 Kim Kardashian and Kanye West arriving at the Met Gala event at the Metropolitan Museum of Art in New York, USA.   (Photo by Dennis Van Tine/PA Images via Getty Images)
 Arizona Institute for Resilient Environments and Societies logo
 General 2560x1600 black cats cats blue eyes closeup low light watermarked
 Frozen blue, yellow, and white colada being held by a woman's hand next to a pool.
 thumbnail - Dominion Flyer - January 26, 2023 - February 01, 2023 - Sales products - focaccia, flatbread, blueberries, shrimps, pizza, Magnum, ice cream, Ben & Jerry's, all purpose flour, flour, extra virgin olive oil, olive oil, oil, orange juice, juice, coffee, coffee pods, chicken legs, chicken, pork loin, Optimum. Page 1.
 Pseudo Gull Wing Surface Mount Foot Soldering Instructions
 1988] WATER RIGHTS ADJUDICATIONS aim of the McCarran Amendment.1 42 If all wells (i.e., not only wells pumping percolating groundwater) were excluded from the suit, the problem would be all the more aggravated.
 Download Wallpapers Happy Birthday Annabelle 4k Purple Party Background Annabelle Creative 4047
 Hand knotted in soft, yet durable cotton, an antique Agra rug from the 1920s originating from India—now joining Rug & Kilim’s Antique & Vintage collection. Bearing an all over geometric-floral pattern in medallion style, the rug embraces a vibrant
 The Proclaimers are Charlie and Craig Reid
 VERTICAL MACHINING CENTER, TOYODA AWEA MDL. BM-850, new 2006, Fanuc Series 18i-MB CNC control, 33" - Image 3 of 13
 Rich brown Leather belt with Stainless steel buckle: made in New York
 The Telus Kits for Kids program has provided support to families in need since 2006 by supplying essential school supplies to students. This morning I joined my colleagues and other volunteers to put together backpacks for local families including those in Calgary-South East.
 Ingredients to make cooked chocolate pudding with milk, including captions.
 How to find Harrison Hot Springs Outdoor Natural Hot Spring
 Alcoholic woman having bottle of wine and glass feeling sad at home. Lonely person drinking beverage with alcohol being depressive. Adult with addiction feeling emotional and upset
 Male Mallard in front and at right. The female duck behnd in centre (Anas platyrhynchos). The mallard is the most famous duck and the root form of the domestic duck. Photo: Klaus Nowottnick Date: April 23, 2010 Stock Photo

# # # # # # #

▸ WORK INSTRUCTIONS: Each line from the top of the listing down to and including the one containing "thumbnail - Dominion" should be transcribed exactly; nothing else is to be output.

▸ ANSWER TO THIS PROBLEM:
 Kim Kardashian and Kanye West arriving at the Met Gala event at the Metropolitan Museum of Art in New York, USA.   (Photo by Dennis Van Tine/PA Images via Getty Images)
 Arizona Institute for Resilient Environments and Societies logo
 General 2560x1600 black cats cats blue eyes closeup low light watermarked
 Frozen blue, yellow, and white colada being held by a woman's hand next to a pool.
 thumbnail - Dominion Flyer - January 26, 2023 - February 01, 2023 - Sales products - focaccia, flatbread, blueberries, shrimps, pizza, Magnum, ice cream, Ben & Jerry's, all purpose flour, flour, extra virgin olive oil, olive oil, oil, orange juice, juice, coffee, coffee pods, chicken legs, chicken, pork loin, Optimum. Page 1.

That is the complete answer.